* **Provided data**
____

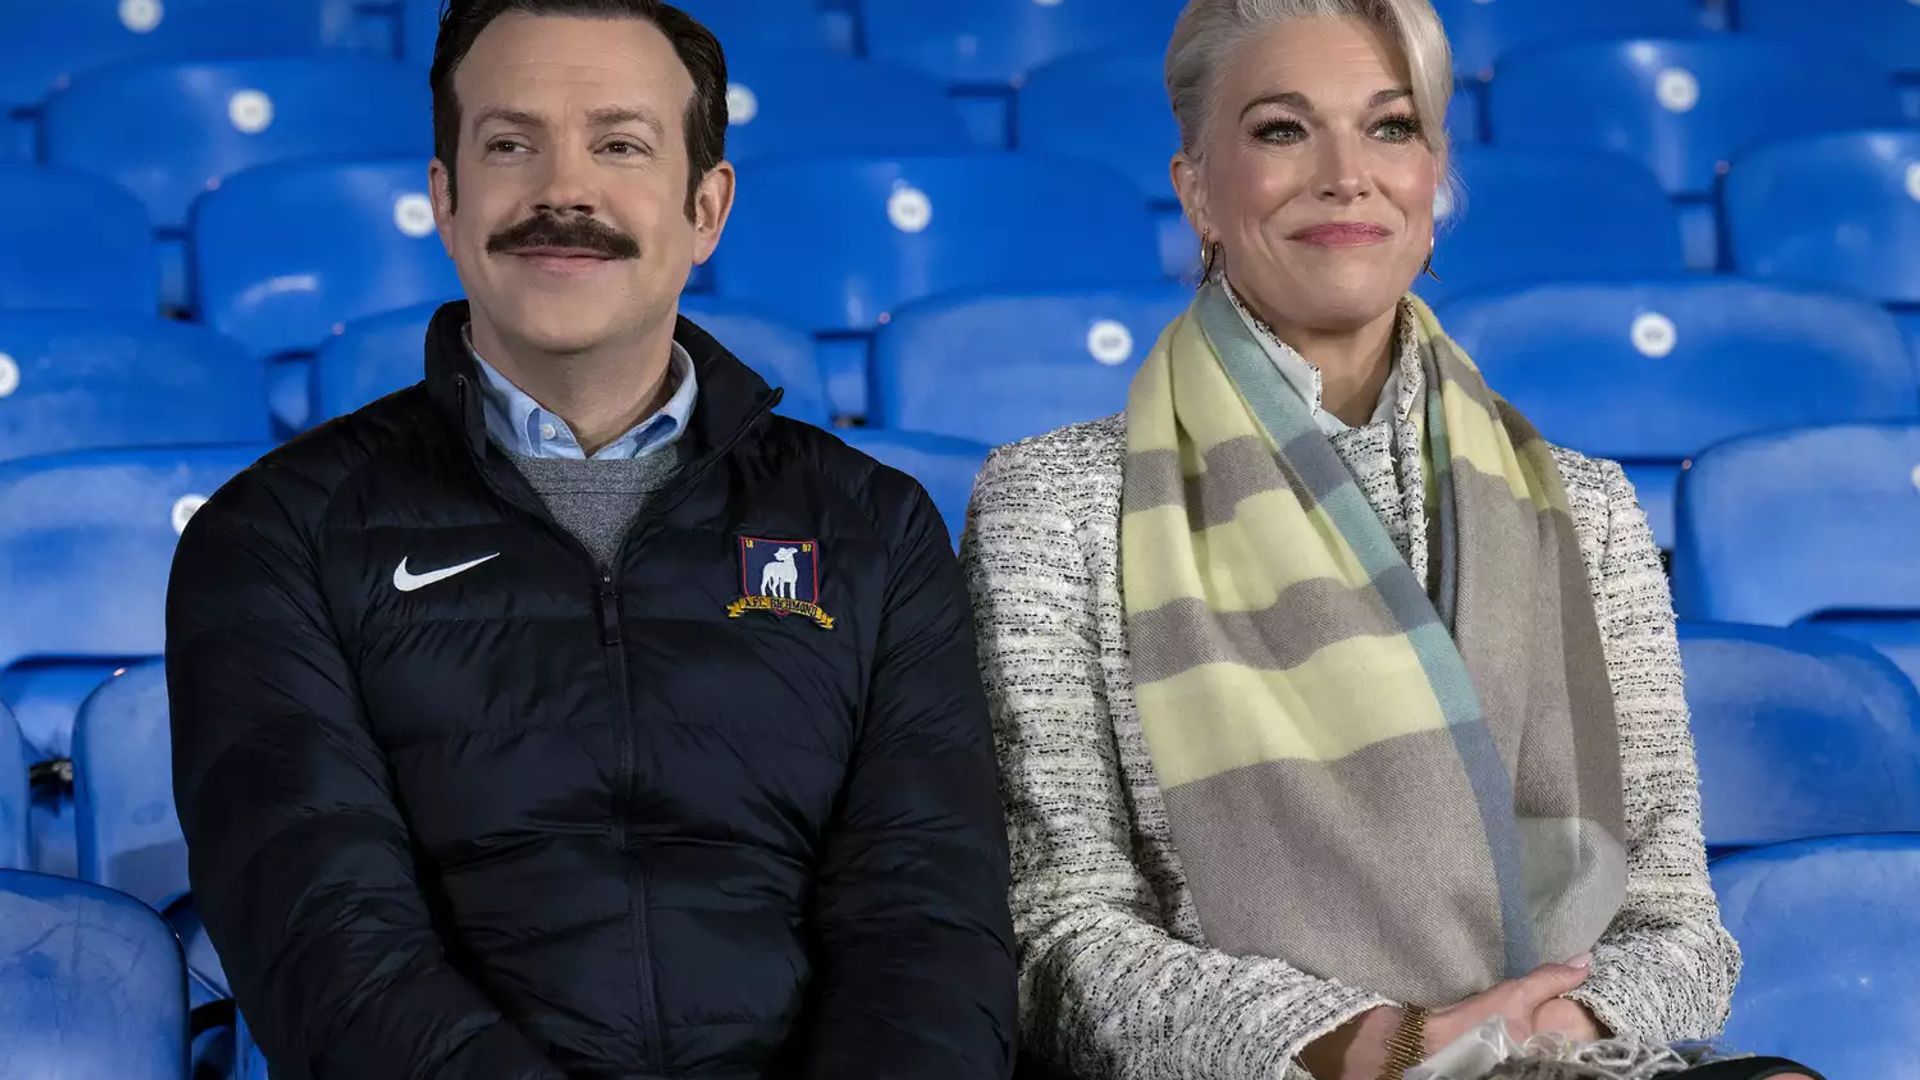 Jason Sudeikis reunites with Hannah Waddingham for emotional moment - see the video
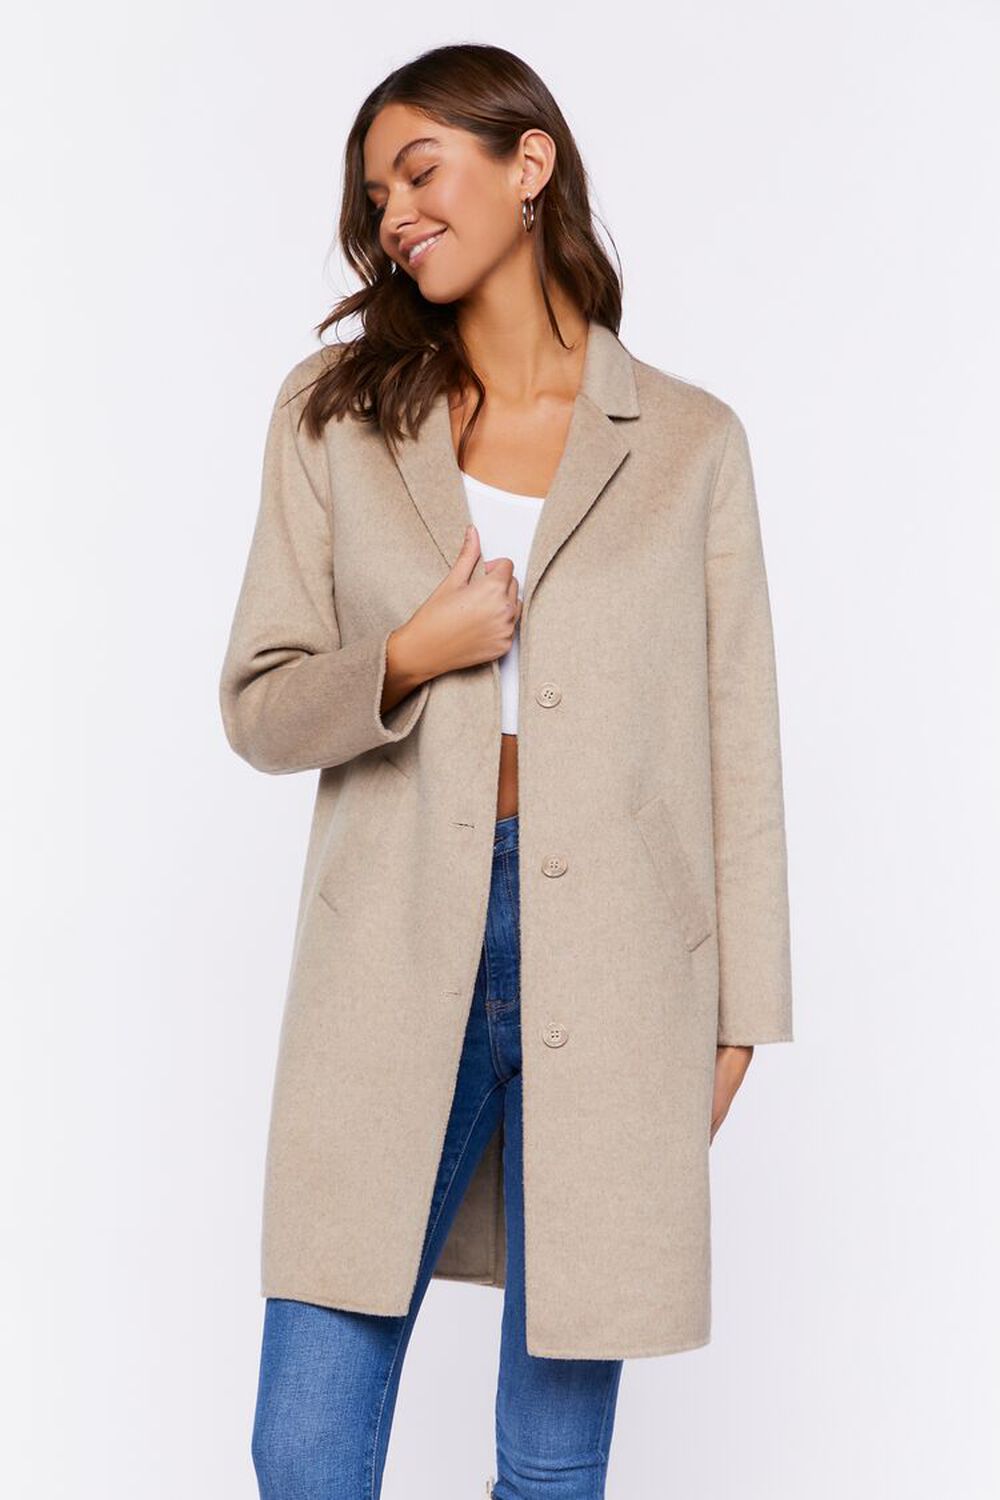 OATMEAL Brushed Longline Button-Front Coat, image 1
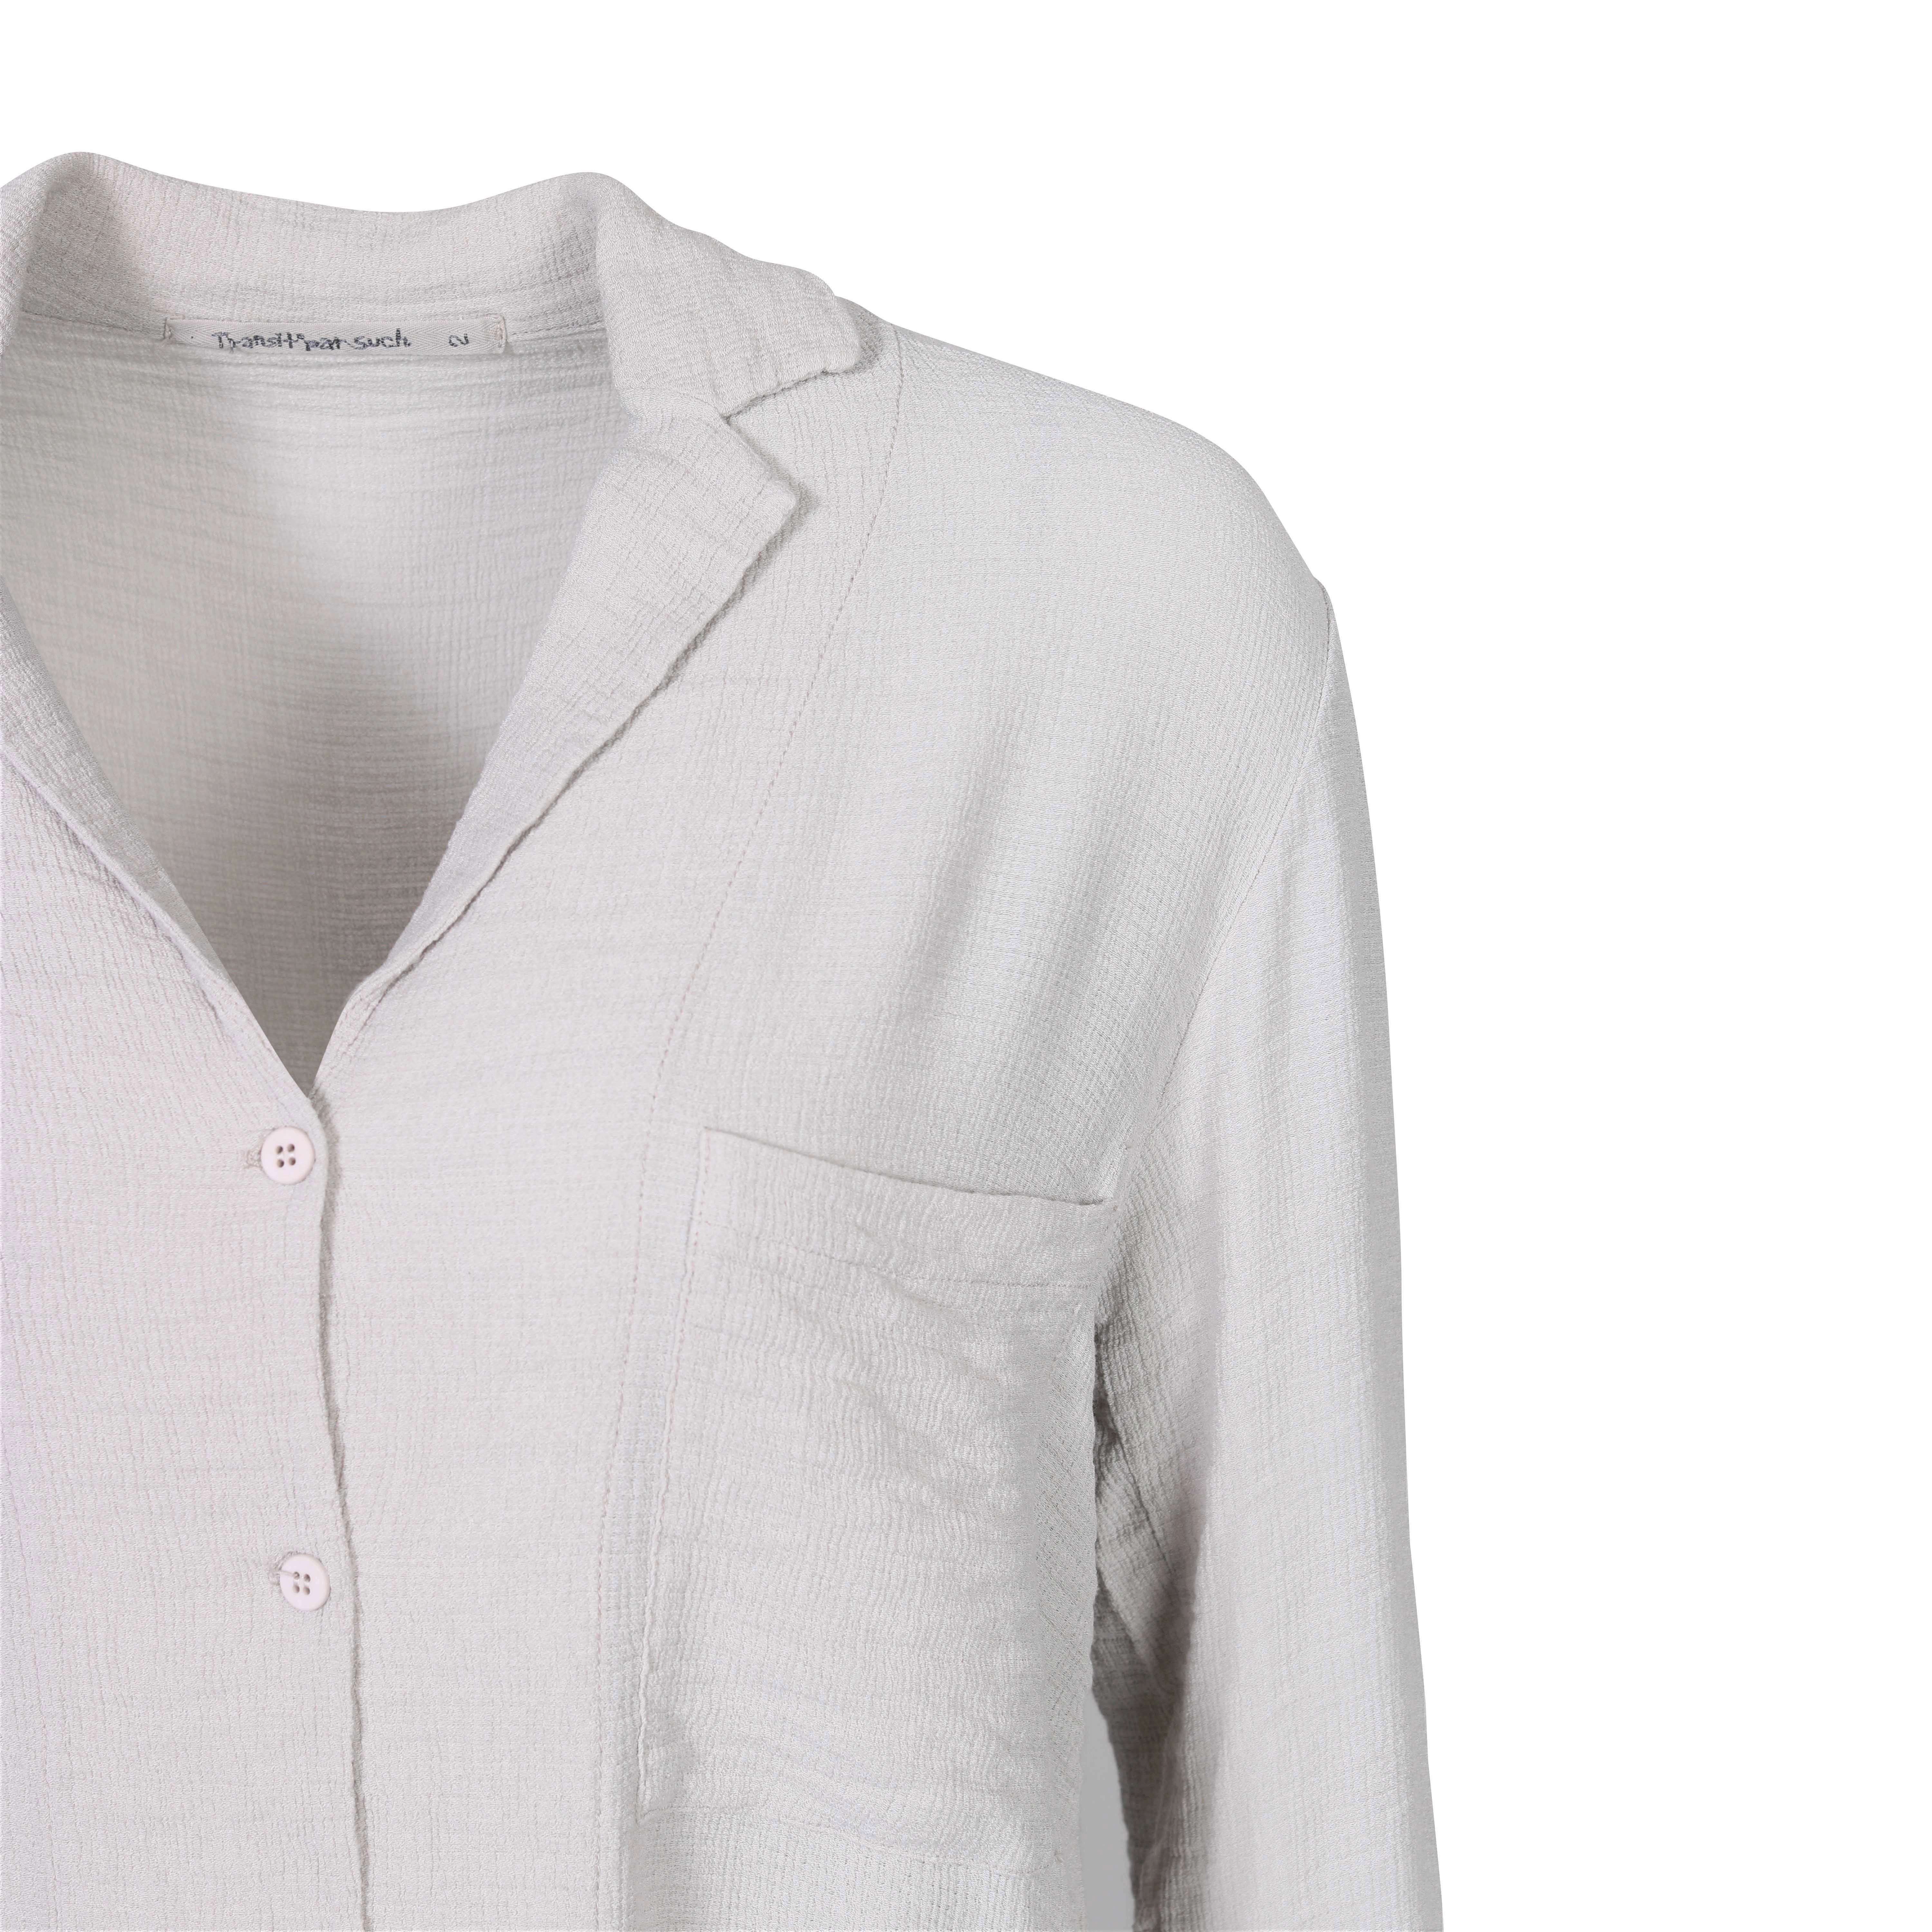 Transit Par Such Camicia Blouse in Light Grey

____

Copy out all the data without changing anything, and drop the pictures.

 Jason Sudeikis reunites with Hannah Waddingham for emotional moment - see the video
 OATMEAL Brushed Longline Button-Front Coat, image 1
 Transit Par Such Camicia Blouse in Light Grey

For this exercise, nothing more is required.